I talk to most of my Uber drivers and almost always ask about the economics. Most of them seem to have a good grasp on the fundamentals and fall into one of two categories: subsidizing the car they already have and supplementing income or driving full-time in a car dedicated to ride-sharing. In the first case, they’re pretty obviously easily covering the marginal costs. In the second case, I can’t know, but they should able to evaluate it on their own pretty easily, just like the local snowplow operator.

I don’t buy the narrative that the company is built on the backs of a bunch of exploited drivers (assuming you believe taxi drivers are not exploited; if you believe they are as well, that’s probably a different argument than the one I’m refuting).

> it's important to note that the reason for all three of those improvements is billions in subsidies + exploited drivers

First, they're not exploited drivers. You could claim any worker is exploited at any and all times. It's not a statement with any grounding to it in this case. They are not being held hostage by Uber, this is the best labor market in two decades. You could claim all workers at every big and small company are all universally exploited. The person making $15 / hour should be making $30; the person making $30 / hour should be making $60.

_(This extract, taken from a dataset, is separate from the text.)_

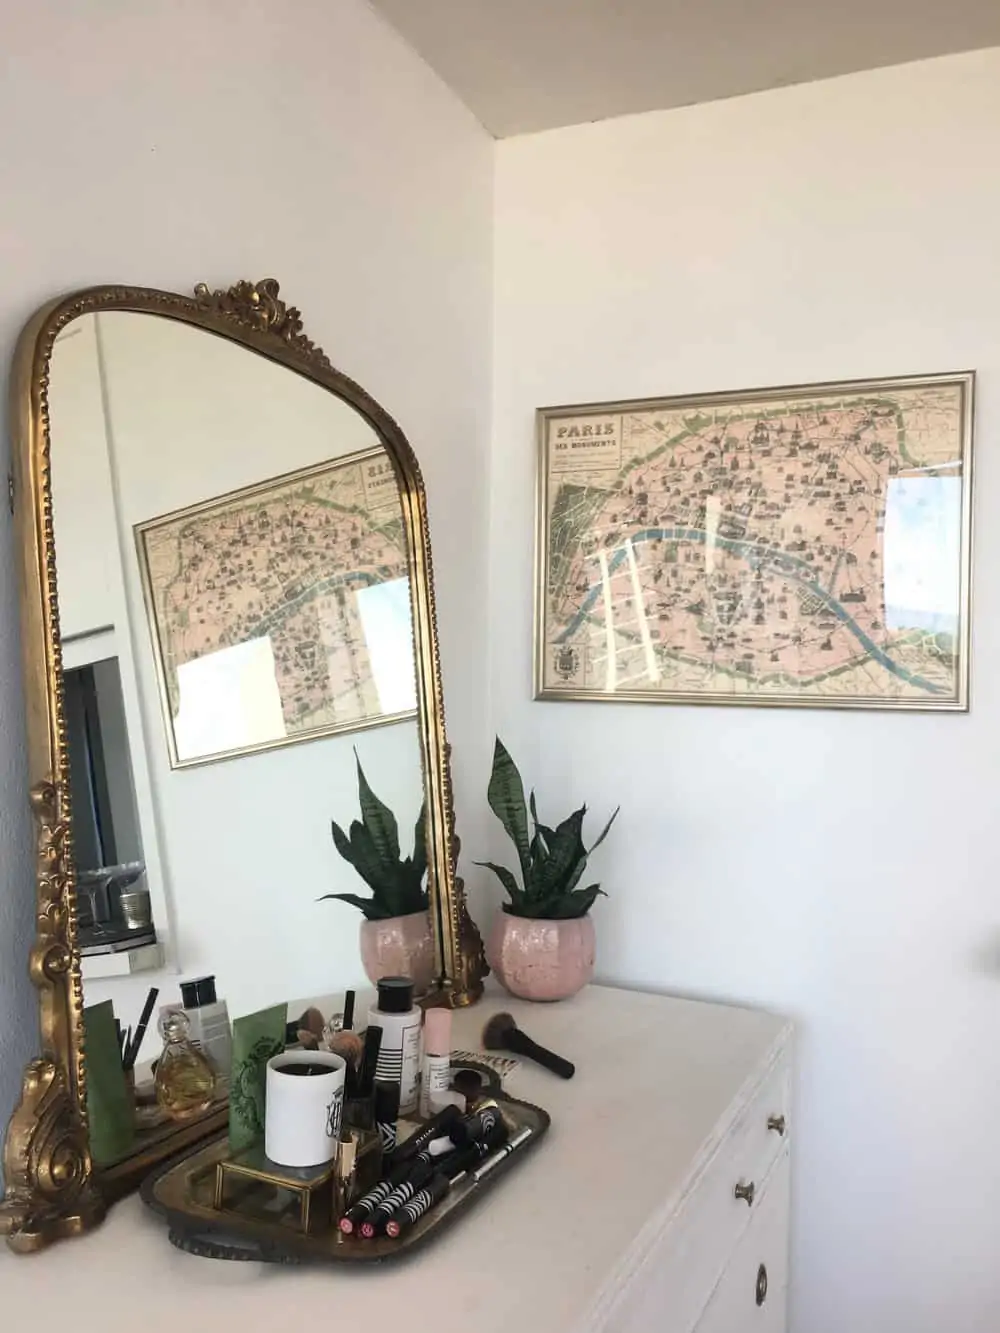 my favorite corner in my apartment thanks to this Parisian inspired mirror and map
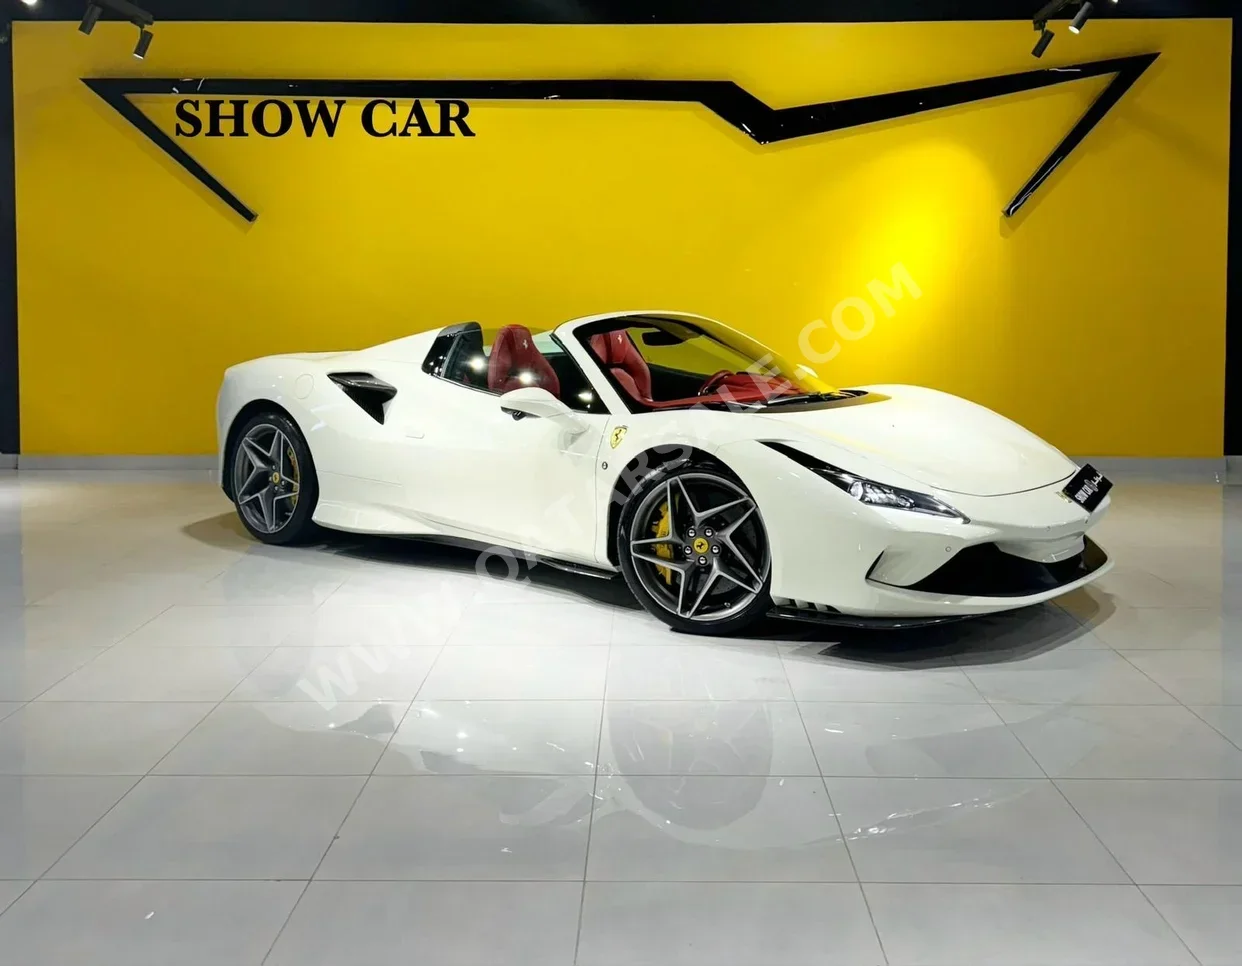 Ferrari  F8  Spider  2021  Automatic  7,200 Km  8 Cylinder  Rear Wheel Drive (RWD)  Coupe / Sport  White  With Warranty

Second, almost every major tech company you can name exists due to initial venture capital or investor subsidies (including Apple, Amazon, Google, Salesforce, Workday, etc). Amazon bled a lot of red ink before they turned seriously profitable (not nearly so much as Uber granted), because they were investing massively to achieve scale. It was venture capital and investor money broadly that subsidized that build out and enabled them to have low prices. So what? It was widely claimed for 20 years that they couldn't generate a substantial profit, and now they are thanks to opportunities they grabbed hold of (perhaps Uber Eats will be that for Uber, or any number of other things).